K. Conflicts. The Company acknowledges that ▇▇▇▇▇▇▇▇▇▇ and its affiliates may have and may continue to have investment banking and other
relationships with parties other than the Company pursuant to which ▇▇▇▇▇▇▇▇▇▇ may acquire information of interest to the Company. ▇▇▇▇▇▇▇▇▇▇ shall have no obligation to disclose such information to the Company or to use such information in
connection with any contemplated transaction.
L. Anti-Money Laundering. To help the United States government fight the funding of terrorism and money laundering, the
federal laws of the United States require all financial institutions to obtain, verify and record information that identifies each person with whom they do business. This means ▇▇▇▇▇▇▇▇▇▇ must ask the Company for certain identifying information,
including a government-issued identification number (e.g., a U.S. taxpayer identification number) and such other information or documents that ▇▇▇▇▇▇▇▇▇▇ considers appropriate to verify the Company’s identity, such as certified articles of
incorporation, a government-issued business license, a partnership agreement or a trust instrument.
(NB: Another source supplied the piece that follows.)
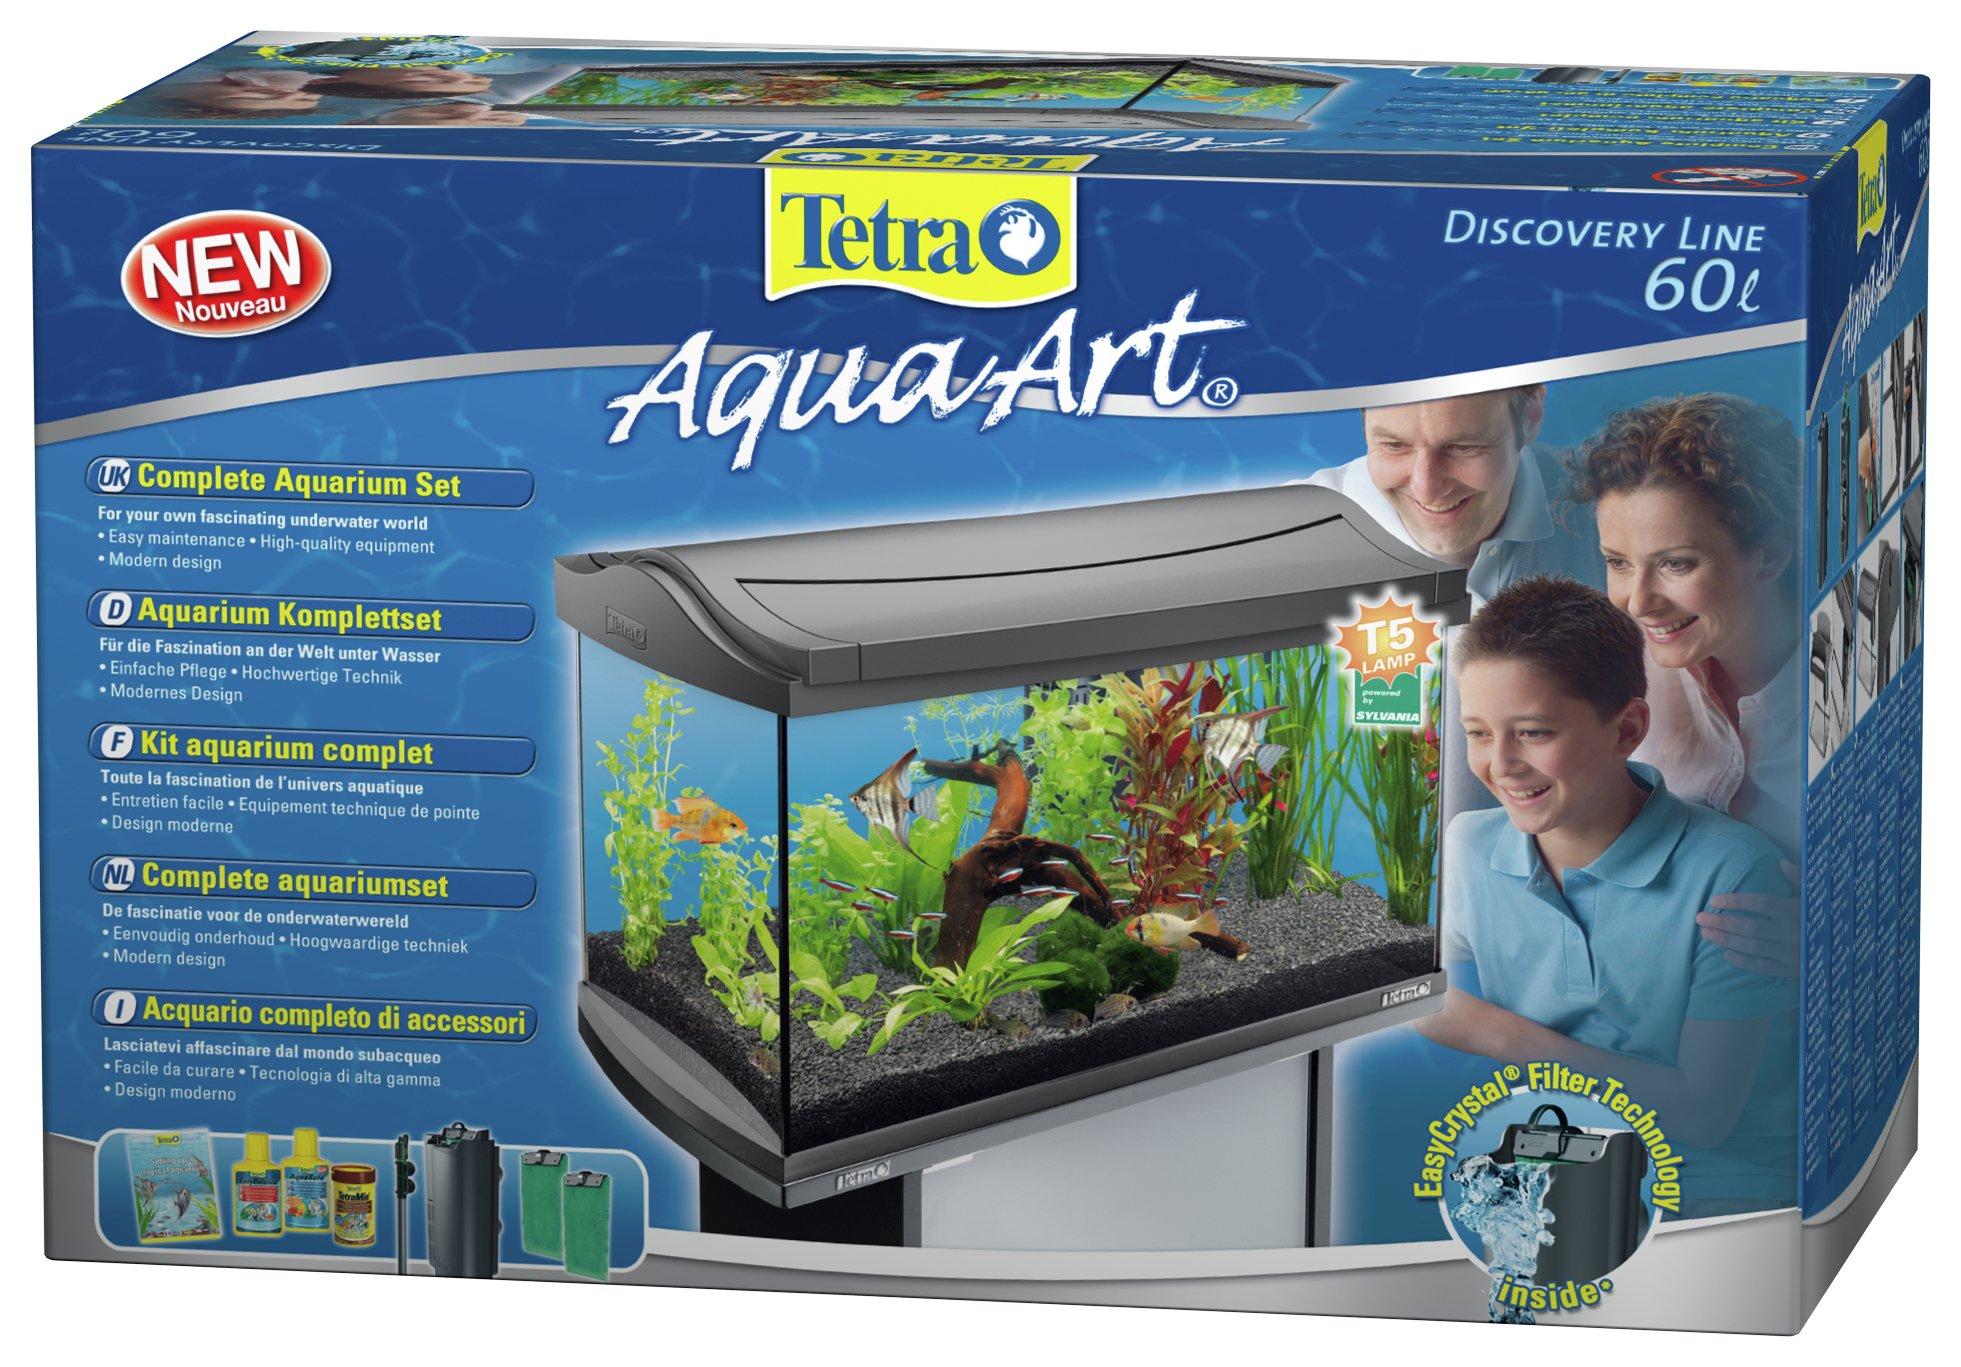 Tetra aquaart ii 60 litre aquarium graphite for Decoration aquarium 60 litres
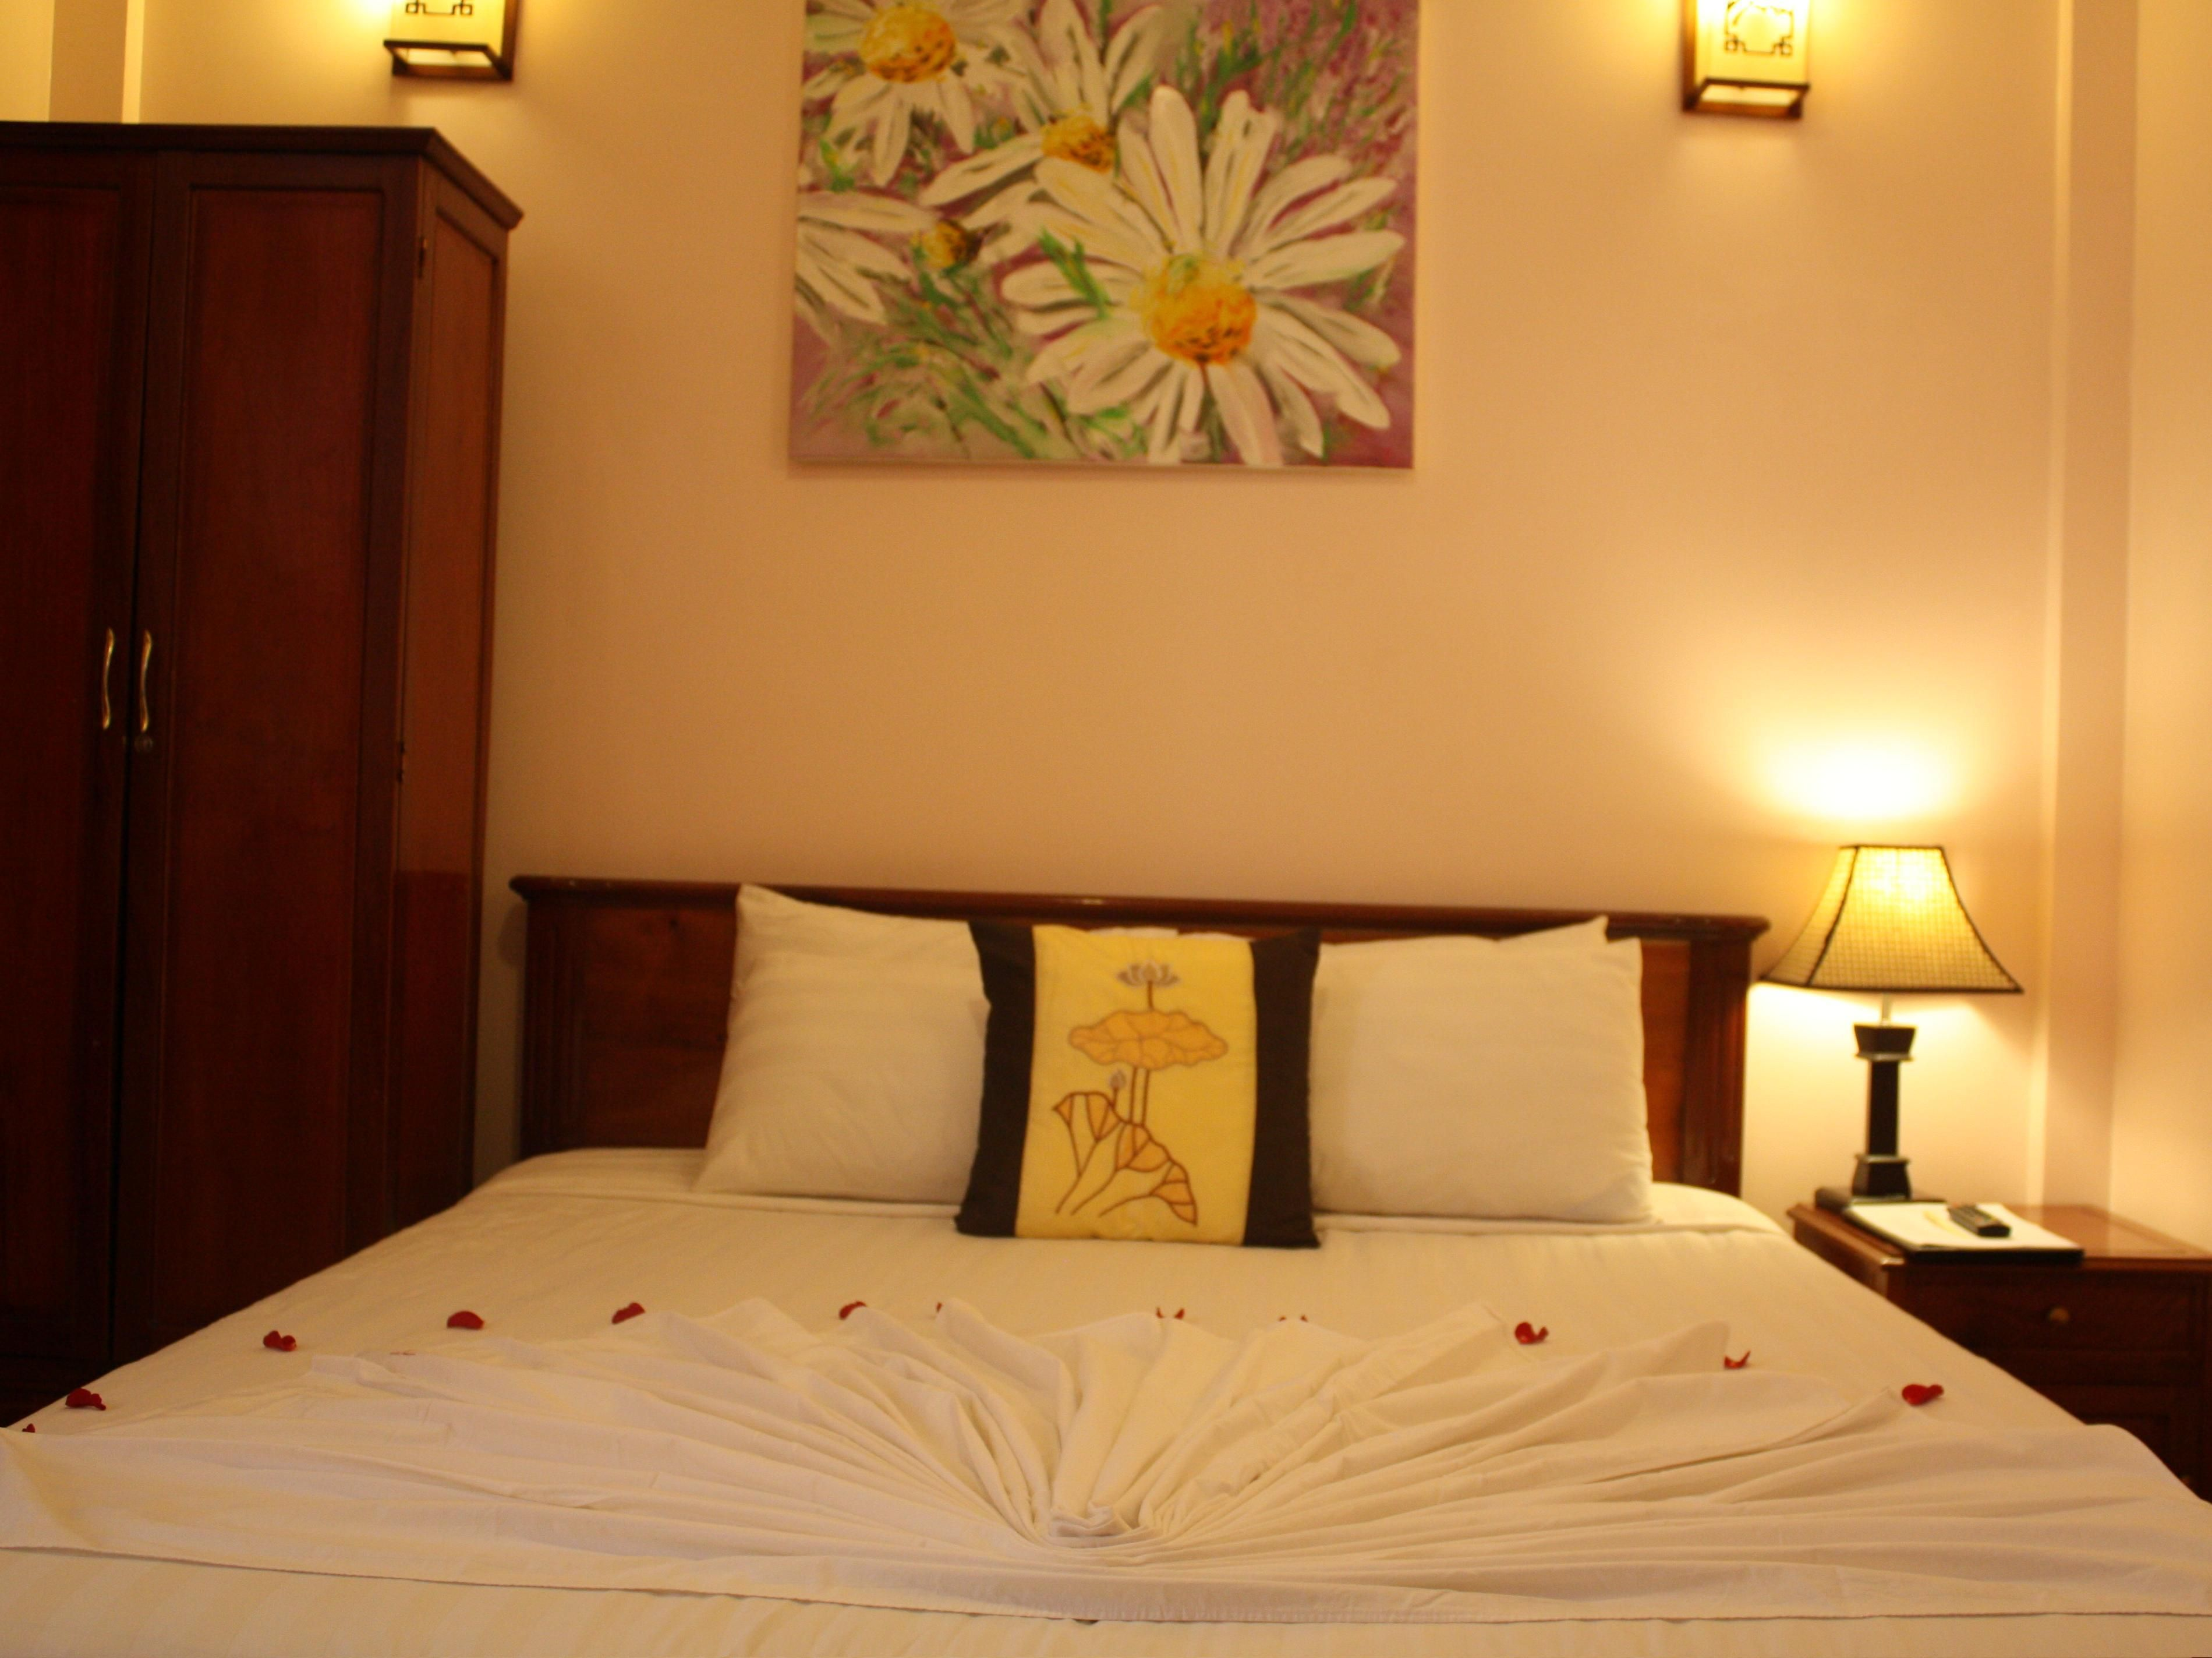 Holiday Diamond Hotel Hue, Vietnam

M. Miscellaneous. The Company represents and warrants that it has all requisite power and authority to enter into and carry out the terms and
provisions of this Agreement and the execution, delivery and performance of this Agreement does not breach or conflict with any agreement, document or instrument to which it is a party or bound. Furthermore, the Company represents and warrants that
no consent, permit, waiver, approval or authorization of any third party in connection with the execution, delivery and performance by the Company of this Agreement or an Offering, is required or has not been obtained. This Agreement shall not be
modified or amended except in writing signed by ▇▇▇▇▇▇▇▇▇▇ and the Company. This Agreement shall be binding upon and inure to the benefit of both ▇▇▇▇▇▇▇▇▇▇ and the Company and their respective assigns, successors, and legal representatives. This
Agreement constitutes the entire agreement of ▇▇▇▇▇▇▇▇▇▇ and the Company with respect to the subject matter hereof and supersedes any prior agreements with respect to the subject matter hereof. If any provision of this Agreement is determined to be
invalid or unenforceable in any respect, such determination will not affect such provision in any other respect, and the remainder of the Agreement shall remain in full force and effect. This Agreement may be executed in counterparts (including
electronic counterparts), each of which shall be deemed an original but all of which together shall constitute one and the same instrument. Signatures to this Agreement transmitted by electronic mail in “portable document format” (.pdf) form, or by
any other electronic means intended to preserve the original graphic and pictorial appearance of a document, will have the same effect as physical delivery of the paper document bearing the original signature. The undersigned hereby consents to
receipt of this Agreement in electronic form and understands and agrees that this Agreement may be signed electronically. In the event that any signature is delivered by electronic mail (including any electronic signature covered by the U.S. federal
ESIGN Act of 2000, Uniform Electronic Transactions Act, the Electronic Signatures and Records Act or other applicable law, e.g., ▇▇▇.▇▇▇▇▇▇▇▇.▇▇▇) or otherwise by electronic transmission evidencing an intent to sign this Agreement, such electronic
mail or other electronic transmission shall create a valid and binding obligation of the undersigned with the same force and effect as if such signature were an original. Execution and delivery of this Agreement by electronic mail or other electronic
transmission is legal, valid and binding for all purposes.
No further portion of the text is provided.